Kint previously said that if KSI and Logan Paul streamed the fight for free, their viewership would have doubled. Instead of humming along steadily at 750,000 concurrents, which it averaged at toward the end of the night, Paul and KSI’s fight could have run with 1.5 or even two million viewers.
While it may be hard to generate pity or sympathy for two mutually controversial YouTube creators, this does say something about the future of livestreaming major events. Marketing these types of events, and taking time away from daily uploads or focusing on other videos to do so, does harm to a creator’s business. Liam Chivers, KSI’s promoter, told Bloomberg something similar just ahead of the match.

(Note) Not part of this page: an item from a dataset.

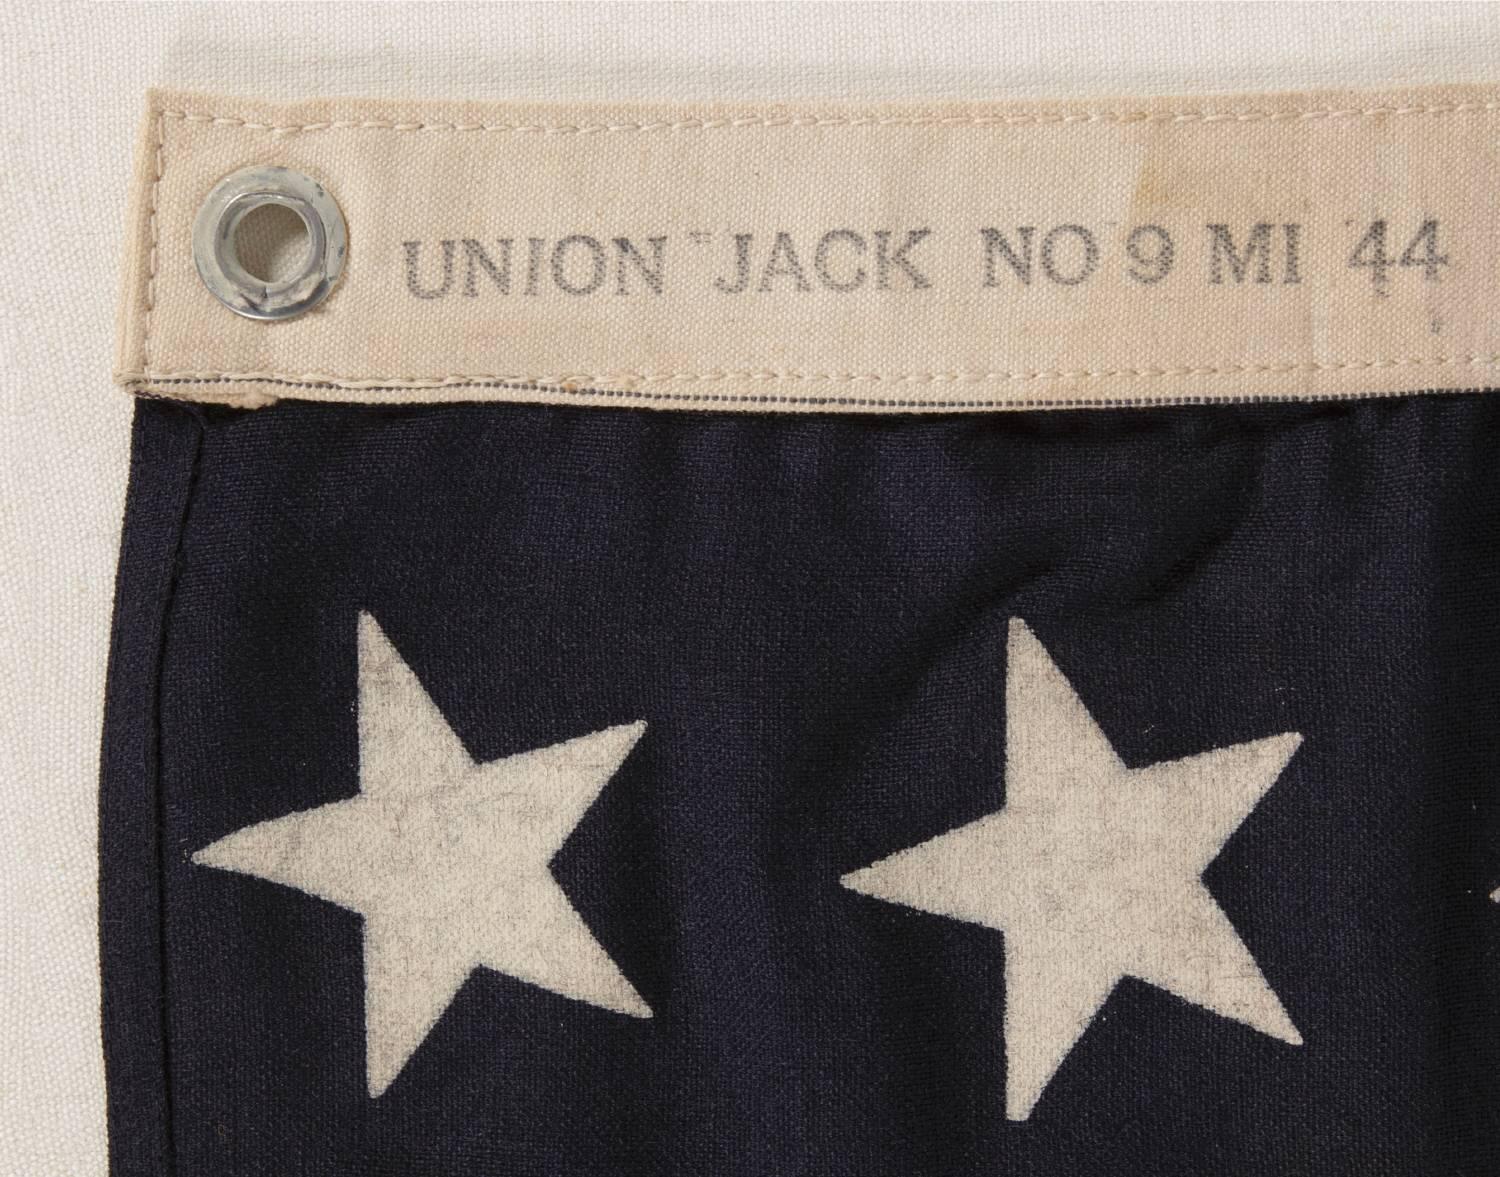 us navy union jack flag for sale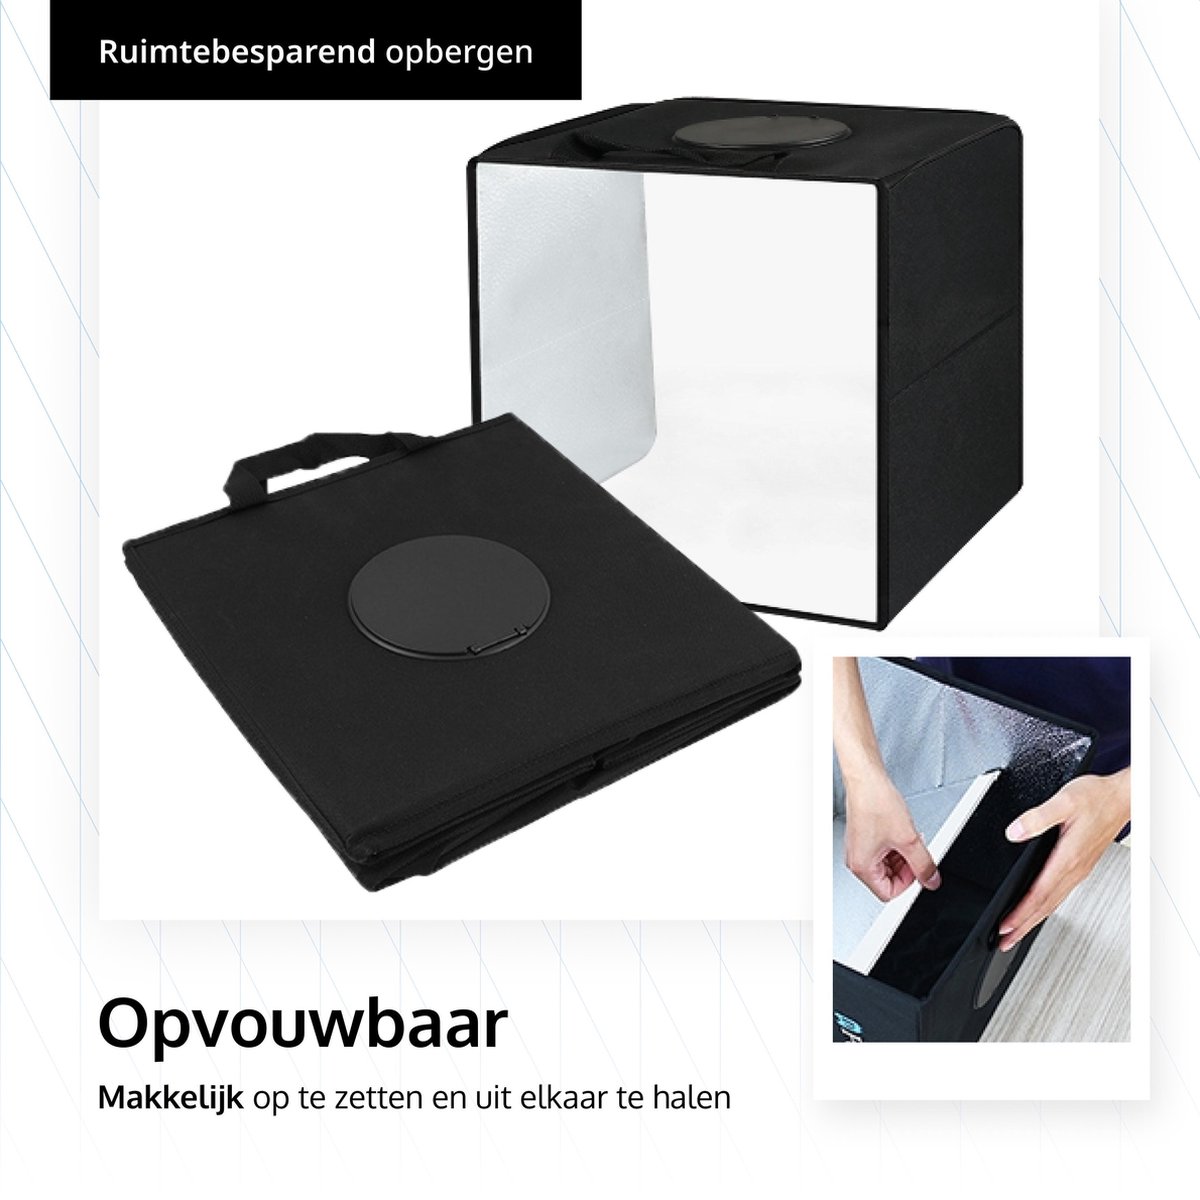 Professionele Fotostudio Box inclusief Tripod - LED verlichting - Lightbox Fotografie - Fotobox - Productfotografie Foto Studio - 30 x 30 x 30 cm - 6 Achtergronden - PULUZ

“I can guarantee if Logan and J. [KSI] had not done this boxing,” Chivers said, “they would’ve earned more money.”
Also, Twitch! Twitch didn’t even have to host the fight, and 1.2 million people watched — including sitting through ads — to see the fight. Well done, Twitch! You win!
Although organizers told Polygon prior to the fight that everyone would break even at a couple of hundred thousand viewers, the goal was to bring in millions. Technically, the fight did — they just weren’t on YouTube.
This isn’t a new problem for Twitch. When Floyd Mayweather and Conor McGregor met for their highly anticipated pay-per-view boxing match last year, more than 239 illegal streams were watched by approximately 2,930,598 people on a variety of services, according to The Independent. This includes Twitch.
Streaming these types of fights breaks Twitch’s community guidelines. The company’s guidelines state:
Uploading any content that you do not own, do not have the rights to, or are otherwise not authorized to use, violates our Terms of Service and may make your account liable to DMCA takedowns by third-party rights holders. We do not tolerate, for example: rebroadcasting other Twitch broadcasters’ content, playing pirated games, showing third-party movies and television shows, rebroadcasting a sports match, playing on unauthorized private servers, or uploading content from other sites without permission of the copyright owner.
But there were no DMCA takedowns. Every stream that ran, often with less-than-subtle titles, remained active the entire fight. Even when it was promoted on the front page and impossible to ignore. Although Twitch does rely on flaggers, administrators and moderators to work in concert to ensure inappropriate content is flagged, there are certain events that feel impossible to ignore.
Like KSI and Logan Paul fighting, or Mayweather and McGregor’s match.
What happens when KSI and Logan Paul meet again next year, as is already rumored? Forget them. Any other YouTuber who wants to run a livestream to try and pay for a high-caliber event has to worry about more people finding an illegal stream and choosing that instead; but whereas it can be difficult to find someone livestreaming the Oscars through Google, all people have to do is open up Twitch’s main page and wait for someone to offer them exactly what they’re looking for.
There are questions regarding whether KSI and Paul’s organizers contacted Twitch to run DMCA markers to try and prevent pirating ahead of the fight. It’s also unclear if Twitch was aware of the streams while they were happening. Polygon has reached out to both the event’s organizers and Twitch for comment.